When using a YubiKey with your Casa Vault, there are specific requirements and restrictions to ensure smooth functionality. This guide will help you troubleshoot common issues.
YubiKey Firmware Requirements
• Firmware Version: Ensure your YubiKey has firmware version 5.5 or higher. If your firmware is outdated, you won't be able to use it as a Vault key. You'll need to get a new one.
Browser and Device Compatibility
• Chrome Browser: All signing actions with a YubiKey (e.g., adding a key to a vault, performing a health check, signing transactions) must be done using the Chrome browser.
• Desktop Only: These actions must be performed on the Desktop version of Chrome, not the mobile version. Attempting to use a mobile device will result in errors.
Using YubiKey in your Vaults
• Multiple YubiKeys: You can use multiple YubiKeys in a single vault. For example, you can have YubiKey A as your HOME key and YubiKey B as your OFFICE key.
• Single YubiKey Roles: You cannot use the same YubiKey for multiple roles within the same vault. For instance, YubiKey A cannot be both the HOME and OFFICE key in the same vault.
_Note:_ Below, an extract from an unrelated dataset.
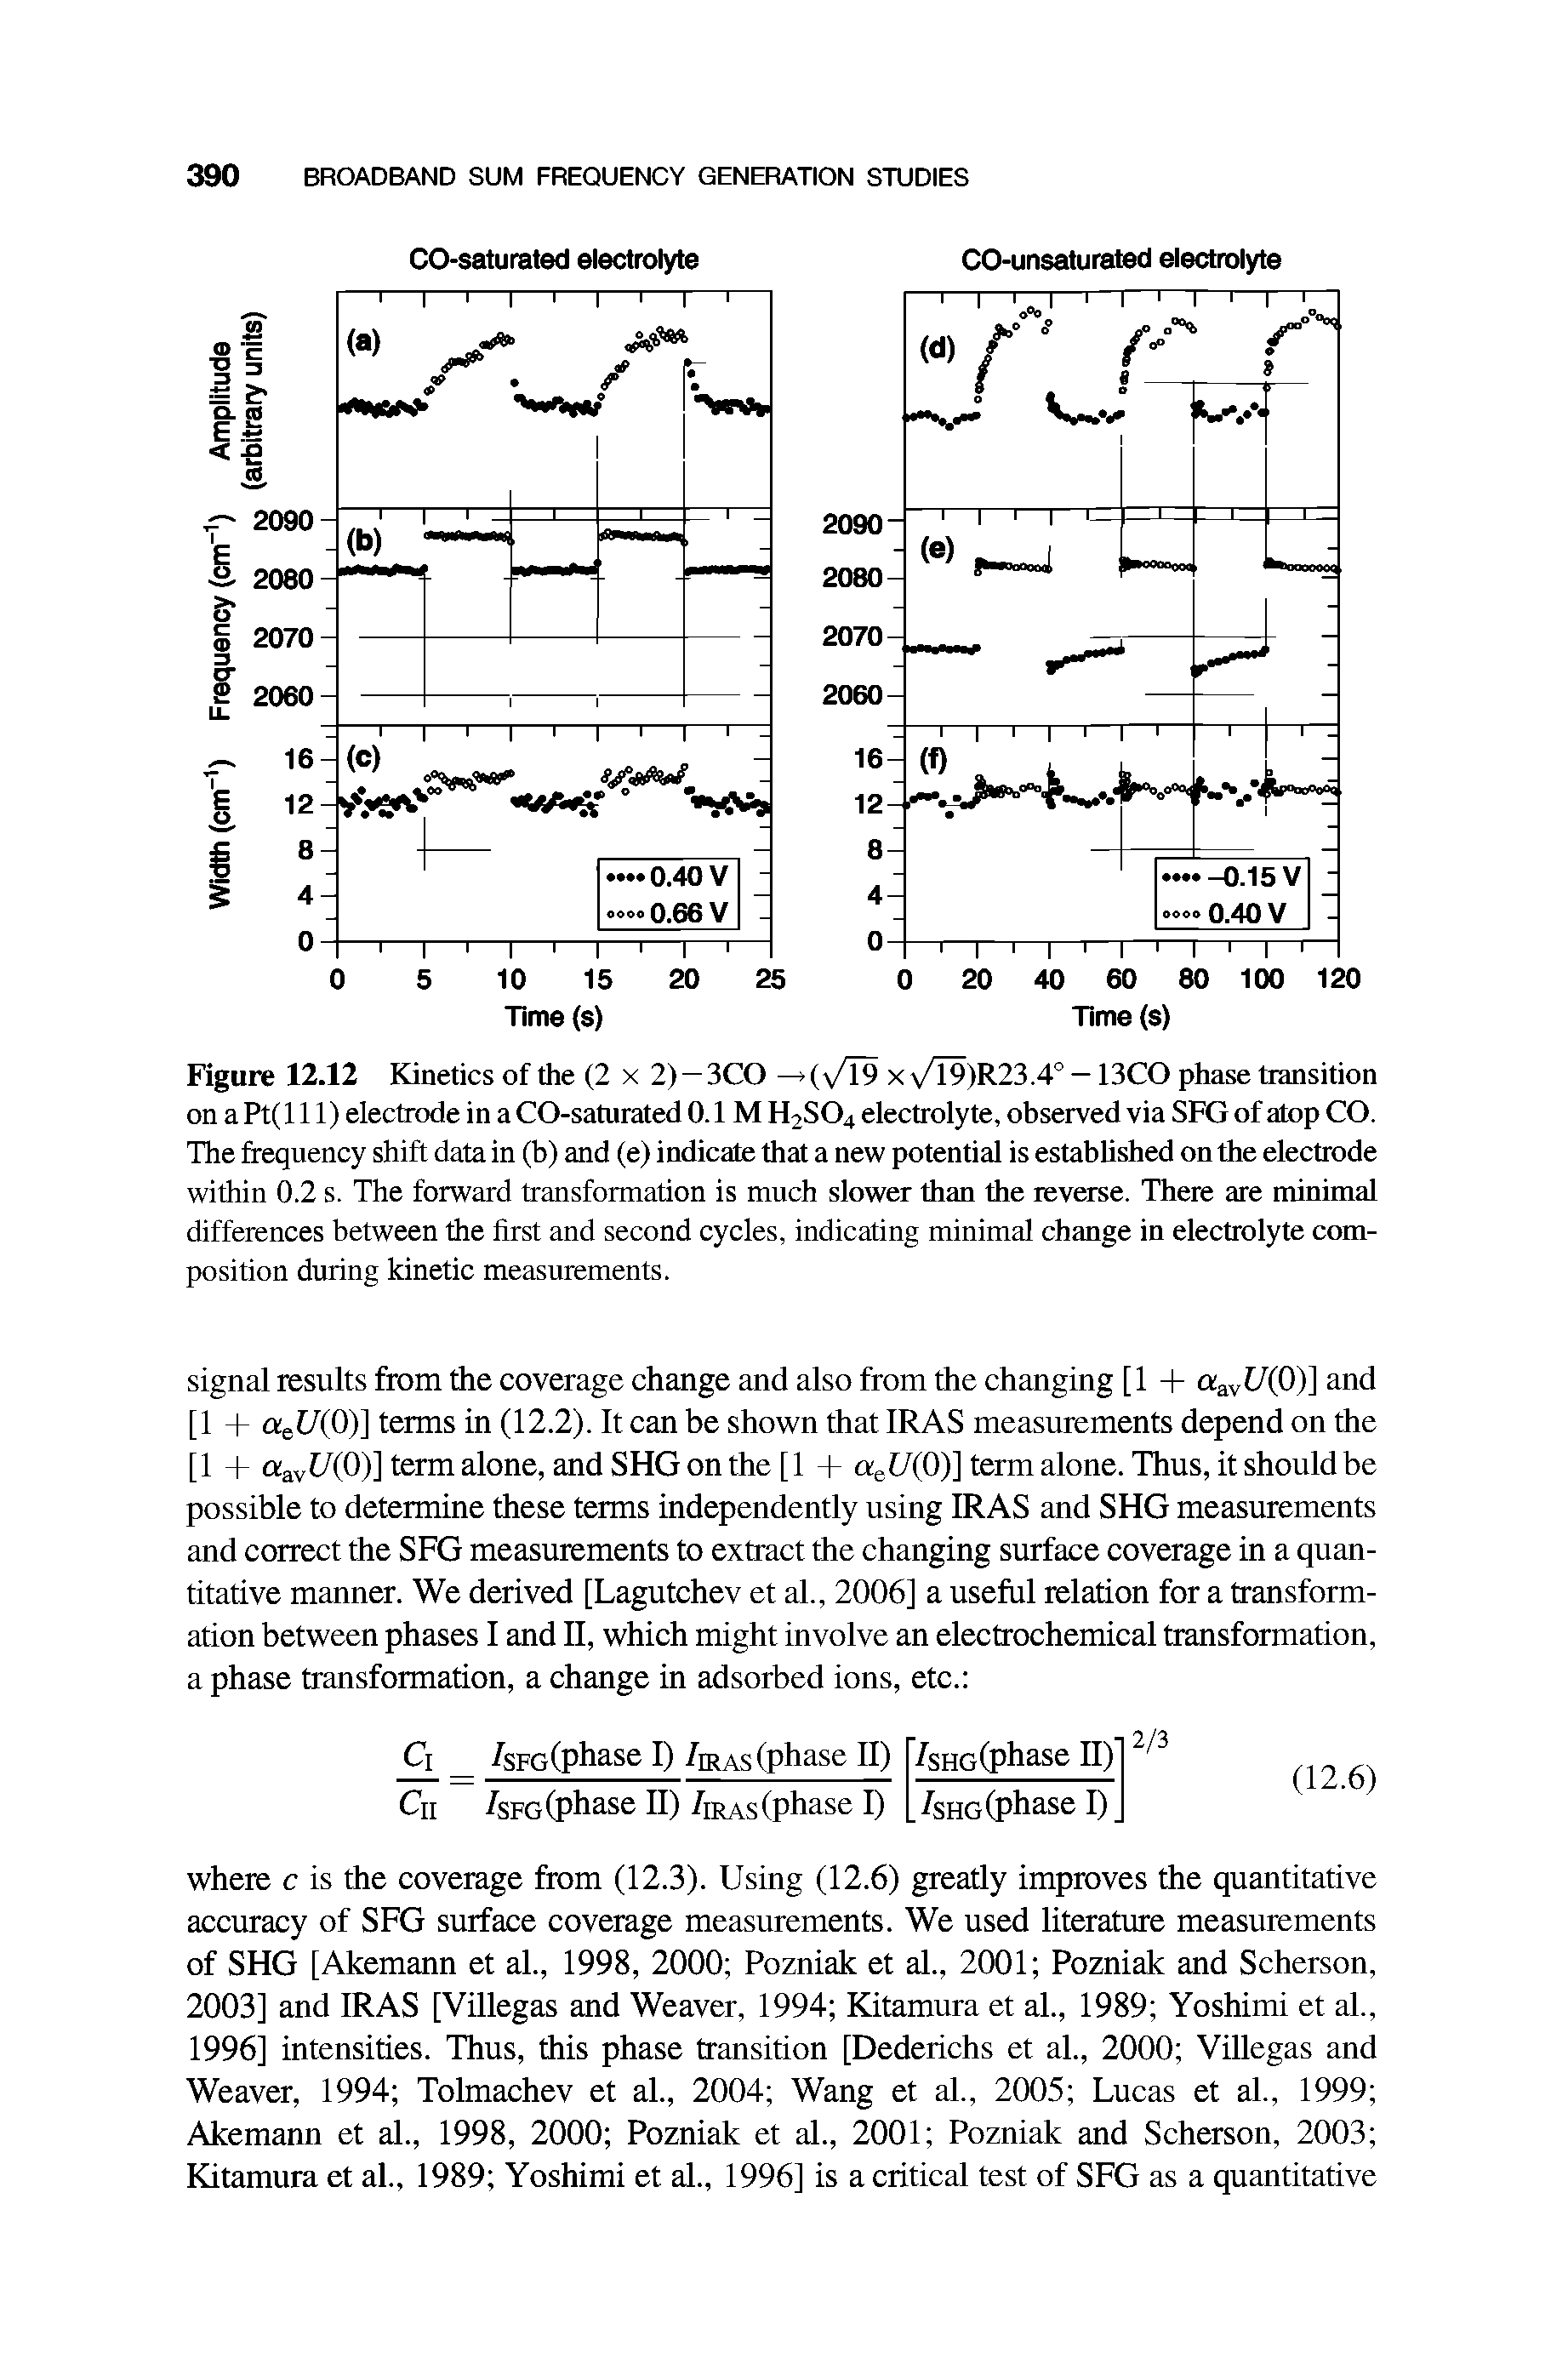 Figure 12.12 Kinetics of the (2 x 2) —3CO - ( /l9 xvT9)R23.4° — 13CO phase transition on a Pt( 111) electrode in a CO-saturated 0.1M H2SO4 electrolyte, observed via SFG of atop CO. The frequency shift data in (b) and (e) indicate that a new potential is estabhshed on the electrode within 0.2 s. The forward transformation is much slower than the reverse. There are minimal differences between the first and second cycles, indicating minimal change in electrolyte composition during kinetic measurements.

• Multiple Vaults: The same YubiKey can be used across multiple vaults. For example, YubiKey A can be a key in both a 3-key vault (3KV) and a 5-key vault (5KV).
YubiKey for Passkey 2FA Login and Vault Key
• Distinct Uses: A YubiKey cannot be used as both your passkey 2FA for login AND as a key in a vault. Casa intentionally blocks a YubiKey from being used for both authentication and signing for enhanced security.
Troubleshooting Steps
1. If you get the "Check Firmware Version" screen: Ensure your YubiKey firmware is 5.5 or higher. If your firmware version is below 5.5, you will need a new YubiKey.
2. Use Chrome Browser: Make sure you are using the Chrome browser on a desktop or laptop computer.
3. Review YubiKey Assignments: Verify that you are not trying to assign the same YubiKey to multiple roles in the same vault.
4. Separate 2FA and Vault Keys: Ensure you are not trying to use a YubiKey for both 2FA login and as a vault key.
5. If shown a list of Passkeys, choose the email that belongs to the account. If you previously had a vault key or keys on a YubiKey and then deleted one or more of them, it's possible when doing a health check or signing a transaction, a list of multiple passkeys will open. Select the passkey that displays the email for your account, then continue.
6. Make sure "FIDO2" is toggled ON in your Yubico Authenticator app. If it's turned off, set up will fail.
By following these guidelines, you can ensure that your YubiKey functions correctly with your Casa Vault. If you encounter any issues, double-check the steps above or contact support for further assistance.